I have never seen Kiwi in a shoeshine parlor:icon_smile_big: Lots of Lincoln, Kelly, Meltonian, and Saphir.


----------



## Rich (Jul 10, 2005)

Saphir for calf. For cordovan I use Paraboot's own brand.


----------



## moss01 (Dec 6, 2008)

Love Saphir (nicer smell as well), but hard to argue against Kiwi for just wax.


----------



## JohnHarvard (Oct 7, 2008)

Lincoln over here!


----------



## sucitta (Nov 13, 2008)

I have no idea whether Kiwi makes Alden paste wax and, if so, whether it is the same formula. However, I definitely prefer the Alden glass jars to Kiwi's tin cans. I do use a Kiwi black liquid dressing on the edges of my leather soles and heels with very good results.


----------



## brokencycle (Jan 11, 2008)

I just use Kiwi. It works.

I do have some Allen Edmonds stuff. It also does the job.


----------



## Pengranger (Apr 13, 2008)

I've been using Saphir Crème Surfine Pommadier and Pate De Luxe. Both have worked very well. Recently I've been replacing it with the Saphir Medaille D'Or range and I have seen an improvement in the finish.

I particularly like the Medaille D'Or Renovator neutral shoe creme which has helped to significantly soften the leather. It doesn't leave any white traces, and it's great on antiqued finishes. Being based in the UK, getting hold of Saphir products isn't that easy. There is an eBay source for Crème Surfine Pommadier, but I have had to use Valmour for the remainder.


----------



## eagle2250 (Mar 24, 2006)

I use Kiwi, Allen Edmonds products and Meltonian polish, depending on the availability of the hues needed for my shoes!


----------



## Observer57 (Nov 25, 2007)

I use Kiwi. The availability alone makes it a wise choice. You'll never have any trouble locating any.


----------



## Earl of Ormonde (Sep 5, 2008)

Back in the early 80s when I needed a high gloss on my RAF Regiment shoes & boots I used Cherry Blossom.
During my police days I used Carr,Day & Martin, Kiwi and Cherry Blossom.
Now in Sweden, the only proper cirage available is Kiwi, like Observer said availability alone makes it a good choice. 
I use the Kiwi black parade gloss on my Loake Oxfords to bull them up to a mirror shine. 
And from England a mate gets me tins of Guardsmans Gloss - Oxblood, which I use on my red Dr. Martens boots. Guardsmans Gloss is actually the brand. And their oxblood is basically the same as Kiwi's burgundy parade gloss.
And I use Kiwi dark tan on my two pairs of brogues.

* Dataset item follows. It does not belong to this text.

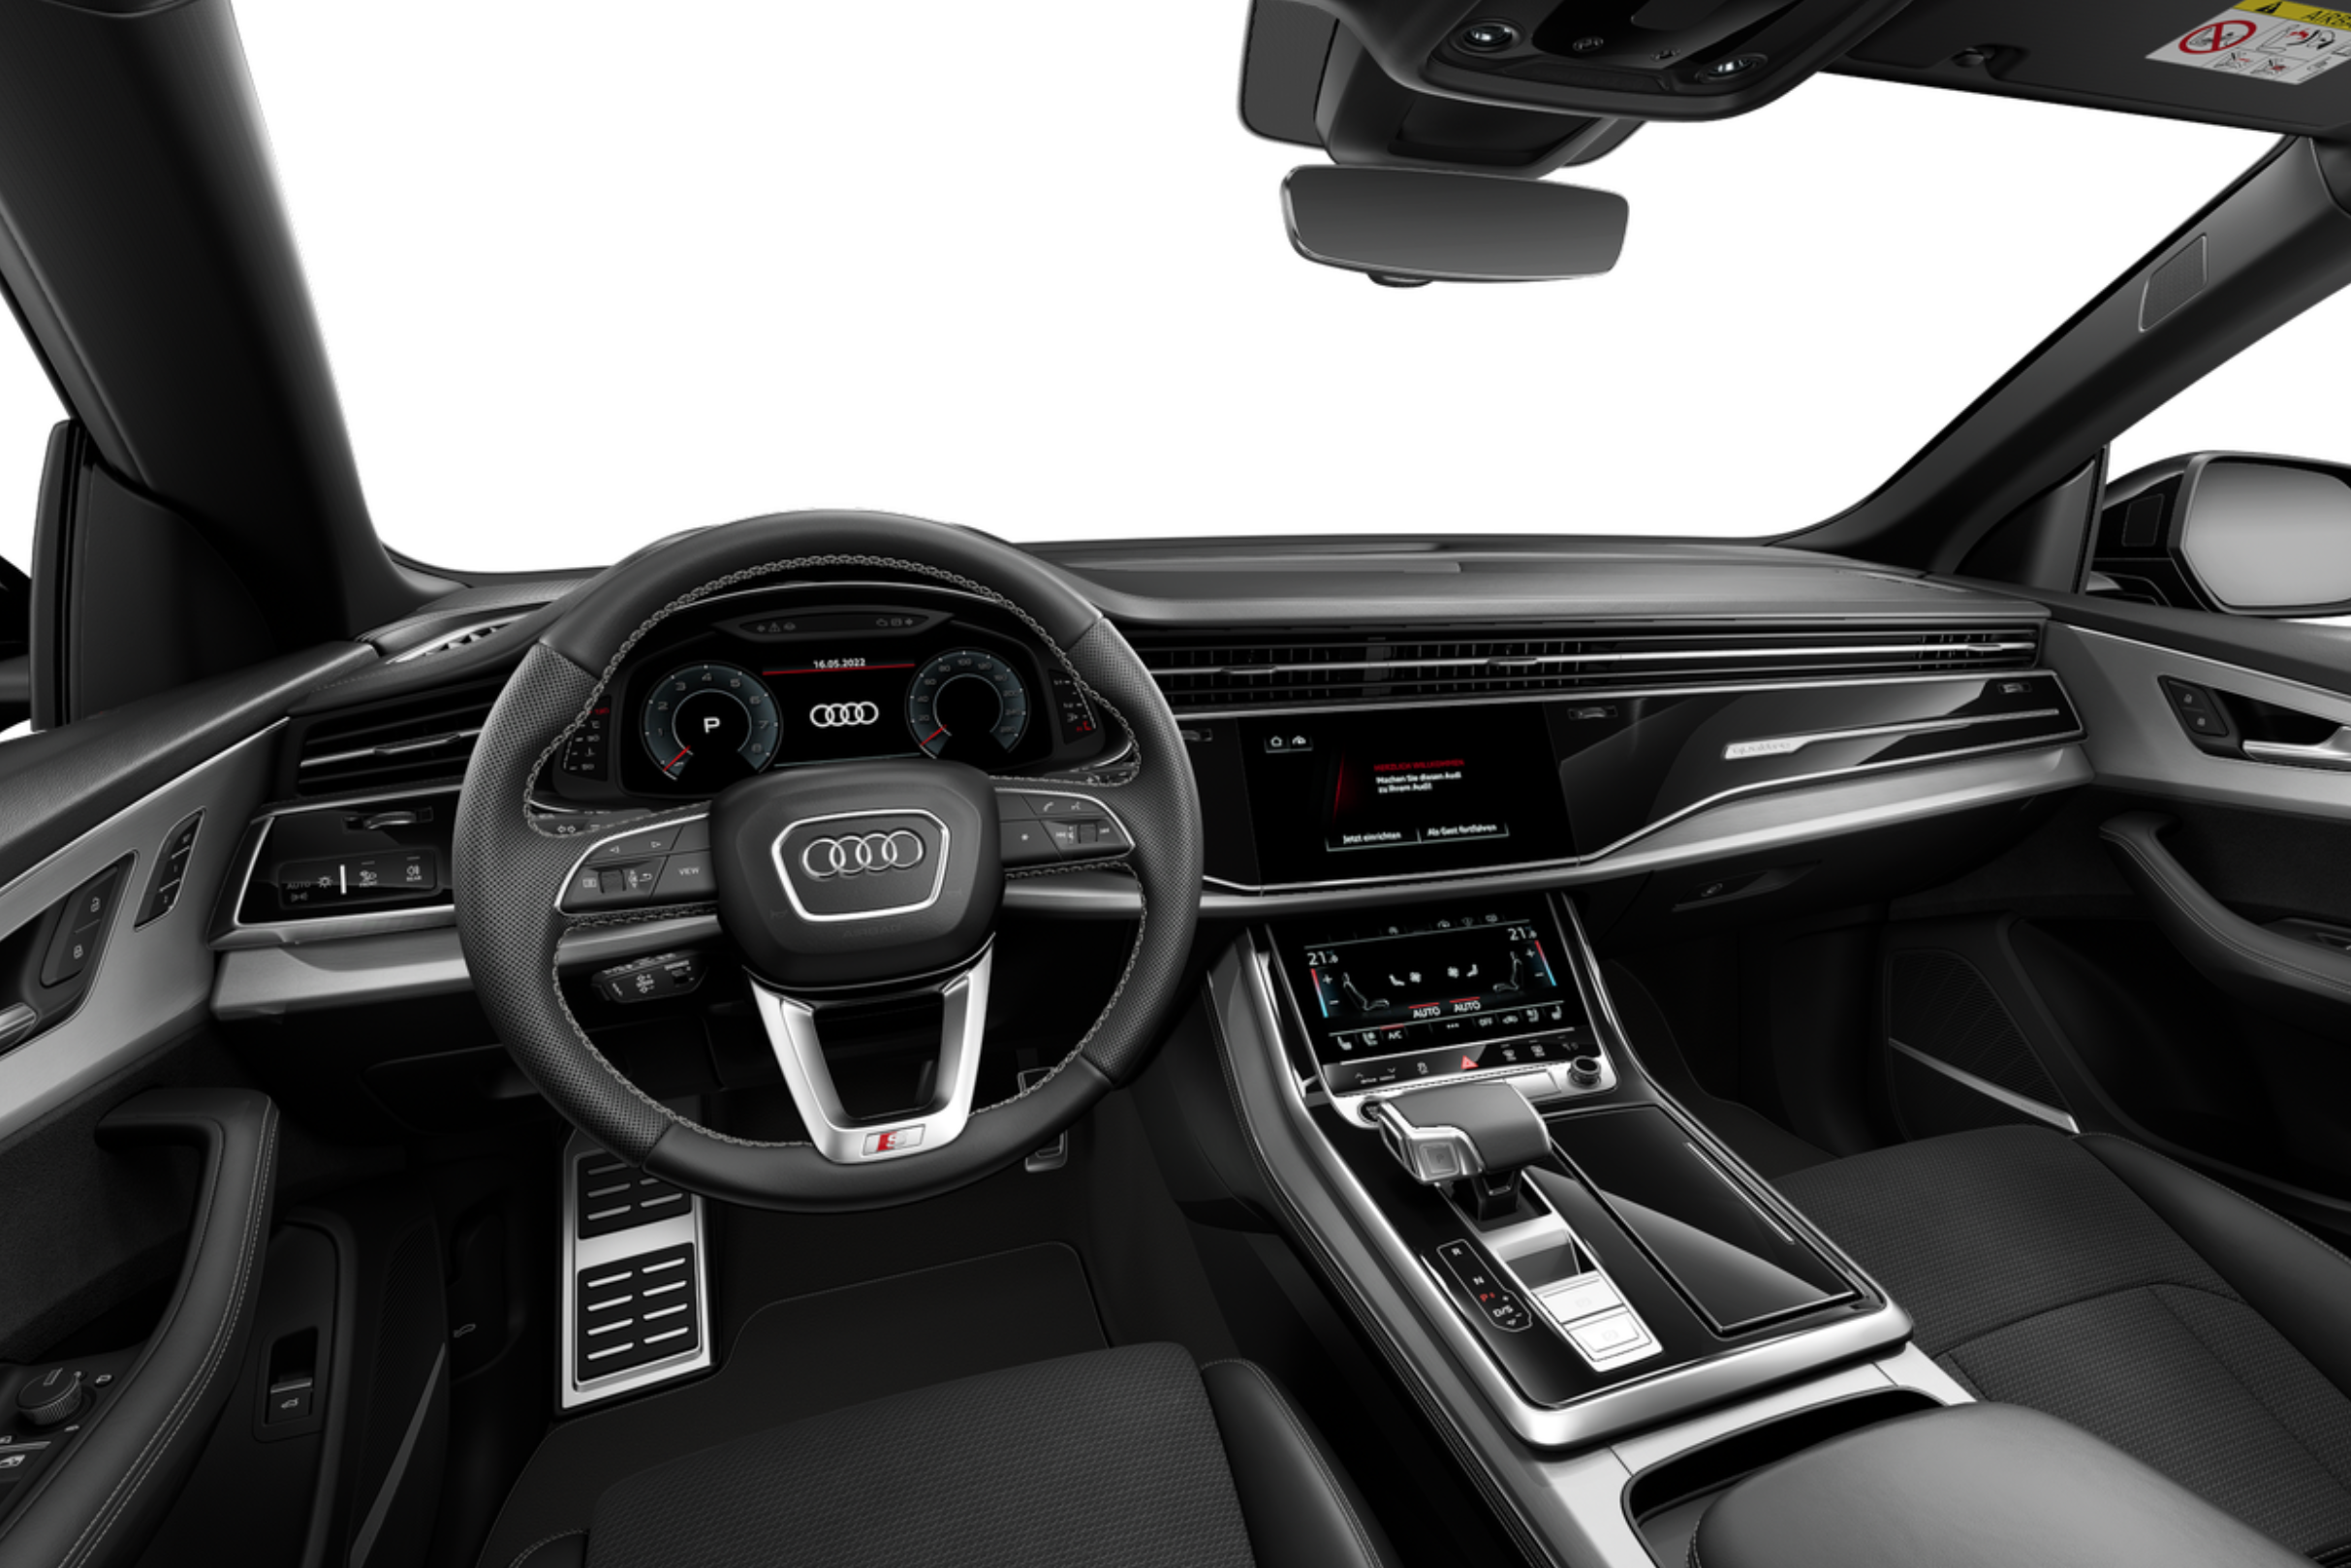 Audi Q8 55 TFSI quattro tiptronic Sline | nové auto skladem | sportovní benzínové suv coupé | super cena 2.149.000,- Kč bez DPH | více info a nákup online na AUTOiBUY.com
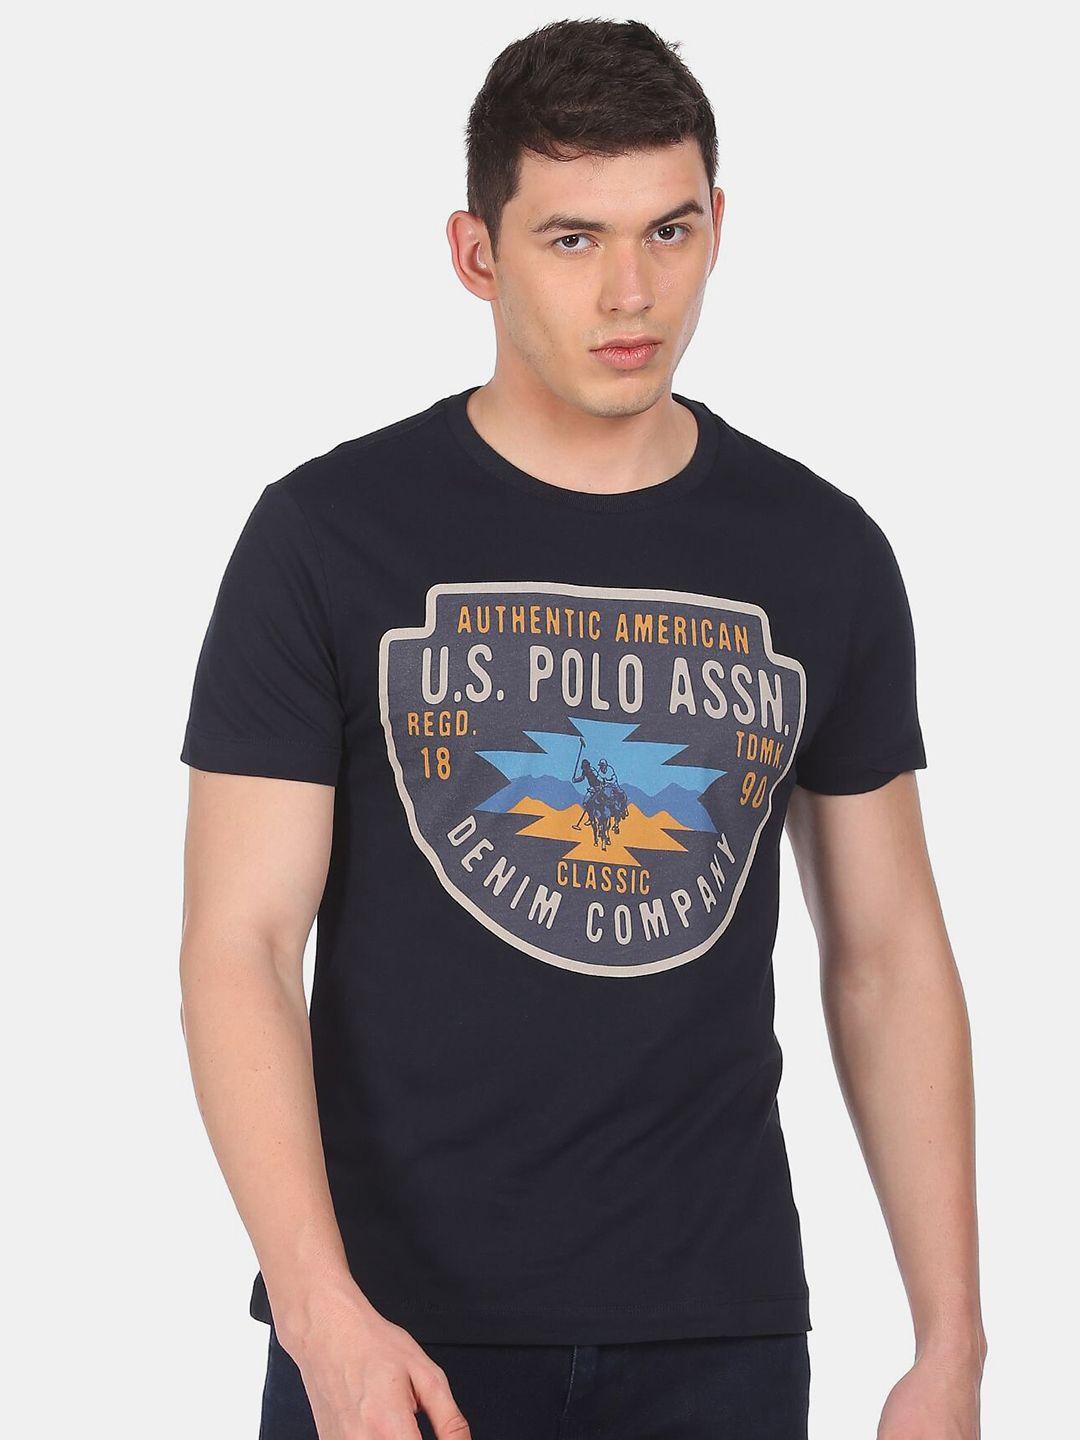 u.s. polo assn. denim co.men navy blue typography printed t-shirt plus size

And I have successfully darkened a mid tan (you know that orangey colour) pair of soft leather half brogues to a nice chestnut colour using Kiwi dark tan. The soft leather meant that it absorbed the polish and colour realy well. I'd gone off the lighter orangey mid-tan colour.

Kiwi is now sold all over the world!


----------



## Earl of Ormonde (Sep 5, 2008)

https://answers.yahoo.com/question/index?qid=20070125174251AA5b9uT

scroll down and read what Jason C says about Guardsman's Gloss.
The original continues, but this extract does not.